クローバー

警告


東雲流星side


俺はこれでもかというほど散々泣いて、仲間と笑った後、気づいた。


あれ?あいつが居ない。


周りを見渡し探してもバカ笑いしている仲間の顔しか見当たらない。


どこに…、行った?


倉庫内を駆け回る。


どこだ?


どこだ?


あいつにはっ…、お礼と謝らなきゃなんねーのに。


しかし、文乃はどこにもいない。


視界に映るのは野郎の顔だけ。


倉庫内にいないなら…


最後の望をかけ、外へと向かう


泣き腫らした、顔に冷たい風が吹く。
その冷たさが今は気持ちがいい。


いた…!


俺の視線の先にはバイクに背を預けそらを眺める女がいた。


「あっ…。
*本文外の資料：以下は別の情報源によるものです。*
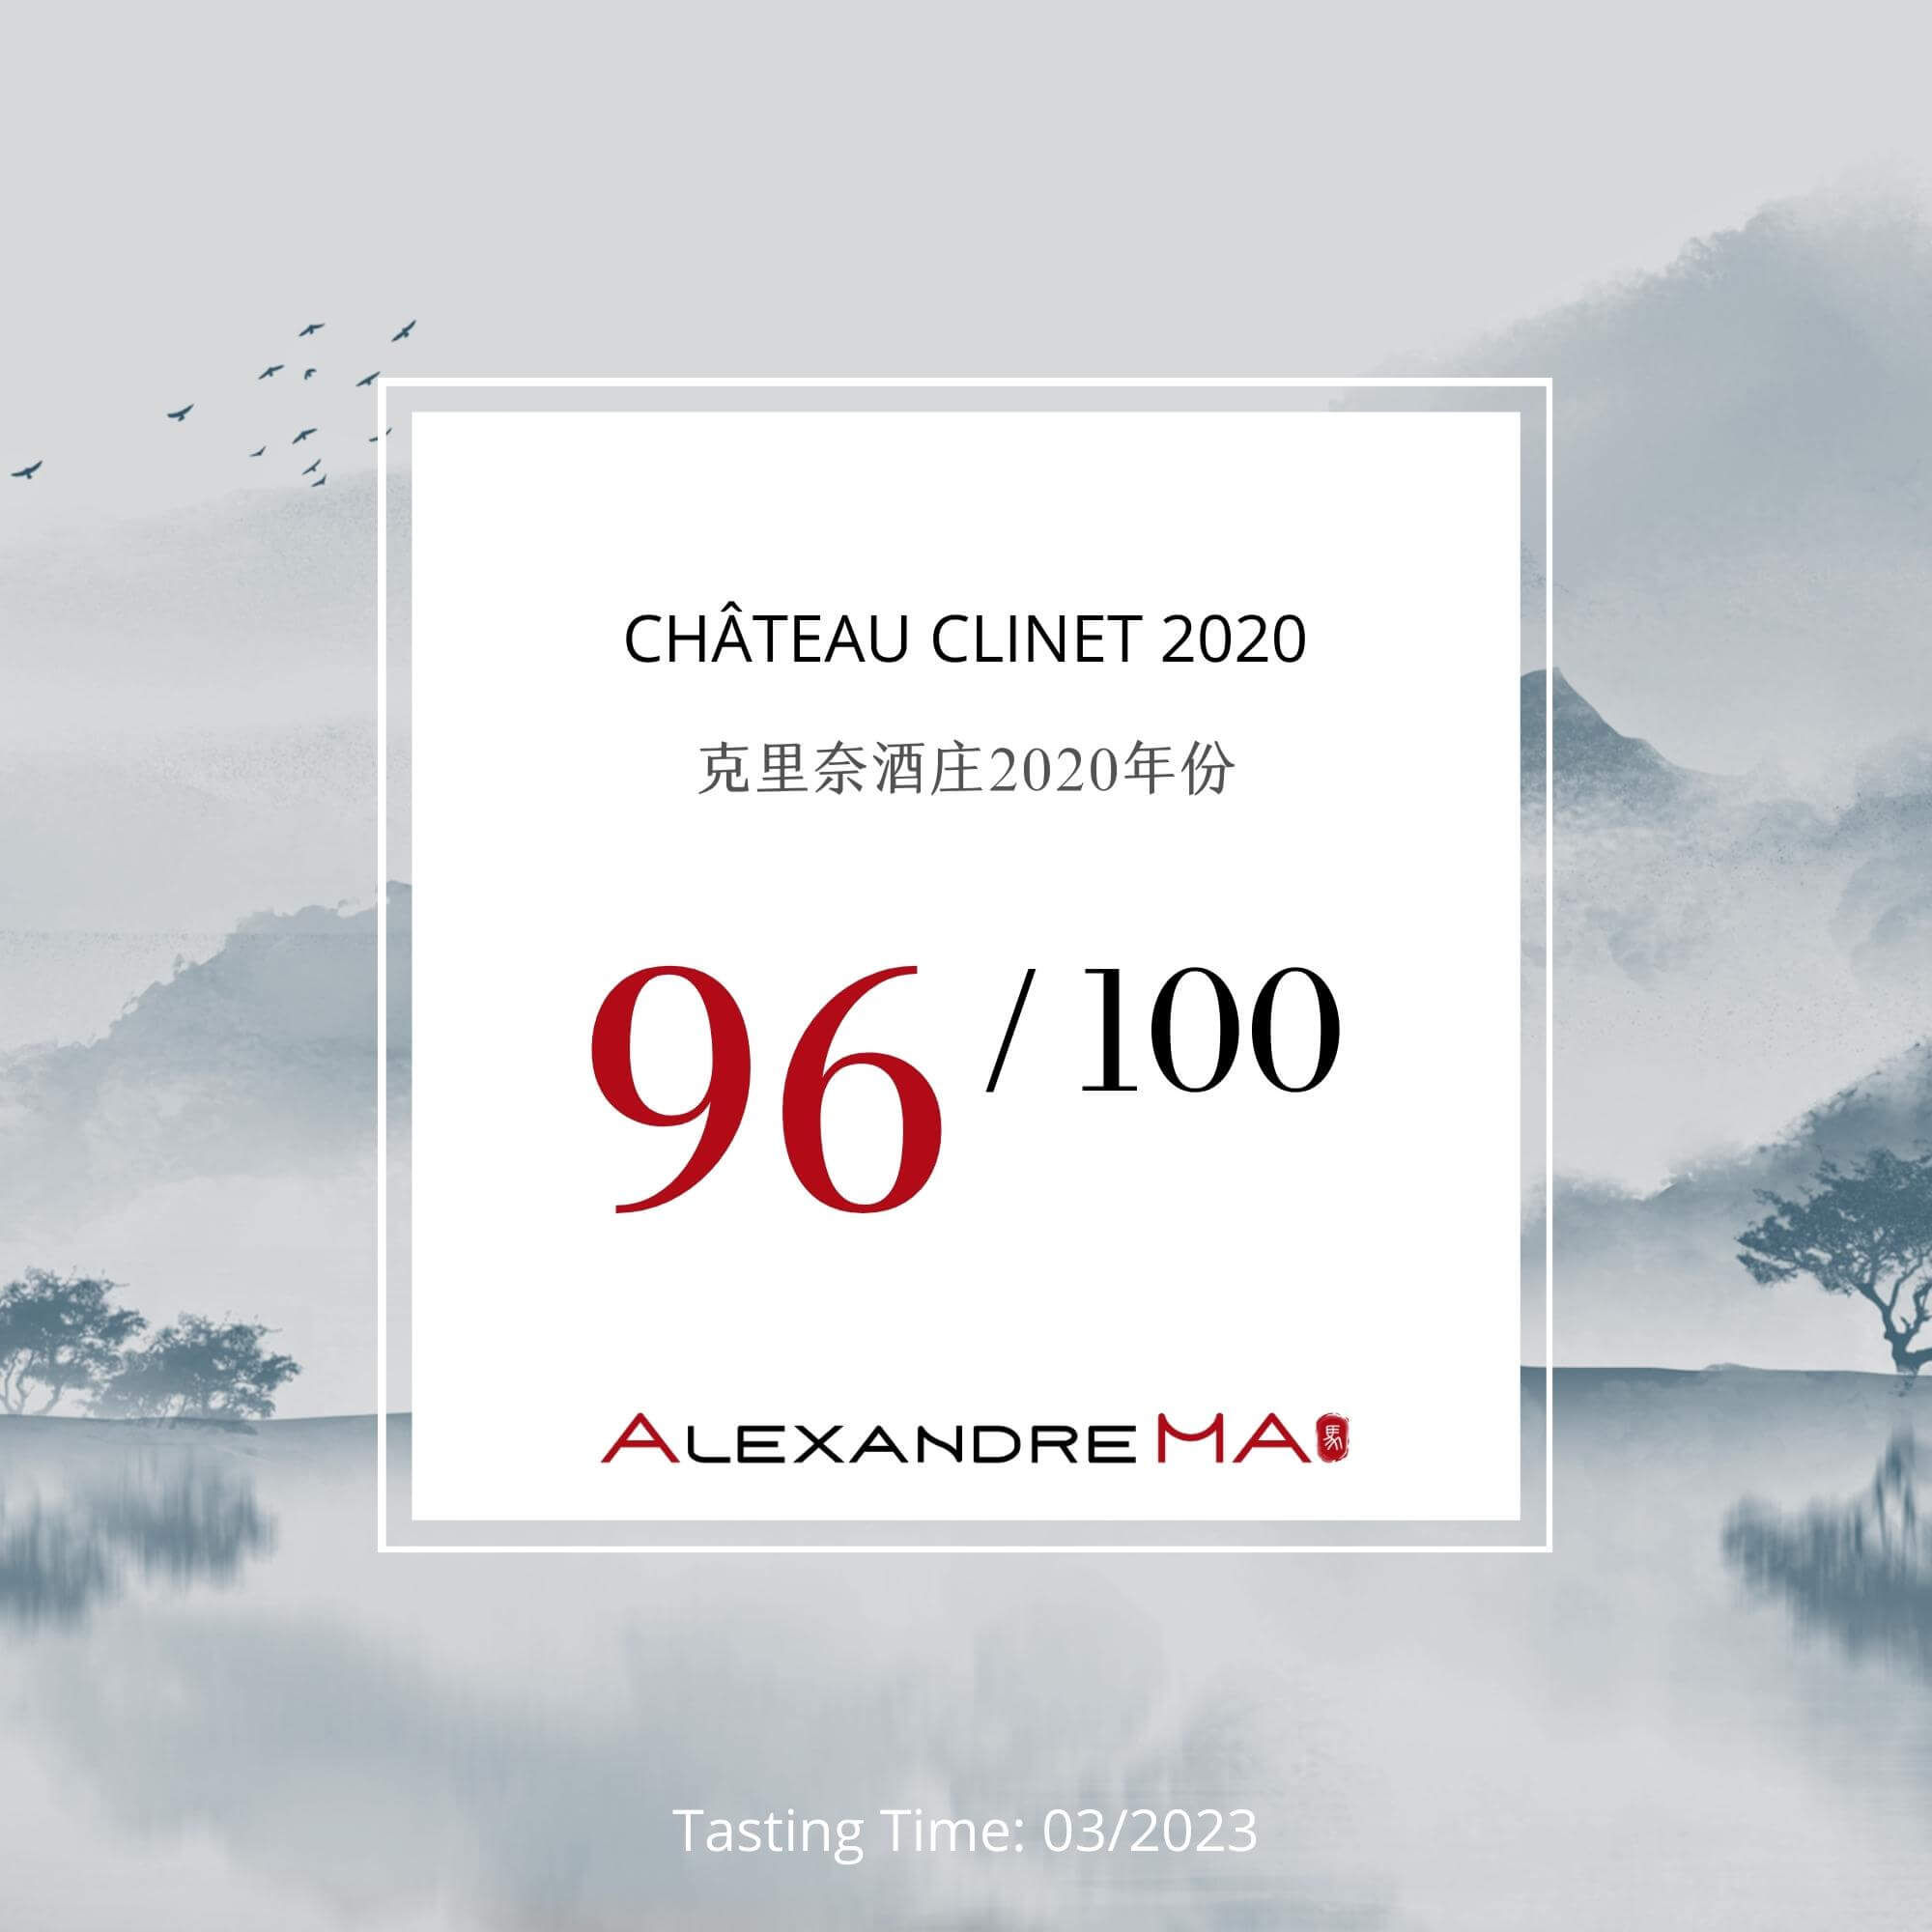 Château Clinet 2020 - Alexandre MA

」


声をかけてお礼を言おうとした。ありがどよ!その一言が言いたかった。言いたくて、探していたのに…


その一言は…出なかった。


女の雰囲気があまりにも淡く、消えてしまいそうで…。


気をぬいたら、居なくなってしまうんじゃないか、そう思った。


俺はただ、黙って女を見守ることしか出来なかった。


女はそんな俺の心境を知ってか知らずか、
視線を空に向けたまま話かけてきた。


俺は、女の声にビクリとする。


気づいてたんだな。


「東雲さん。もう、仲間との話は終わったんですか?」


「東雲さんって…、それに口調も。なんかこそばゆいから辞めてくれ。」


「ごめん。私、怒るとつい口が悪くなって。もう今さらか…。じゃあ、東雲で。」


「なんなら流星でいいぜ!」


女はそんな俺に、ふっと笑う。


俺はポケーと、その横顔に見惚れる。
綺麗だ…。



…てっ!俺、さっきまで違う女好きだったんだよな?え!?俺ってたらしなのか!?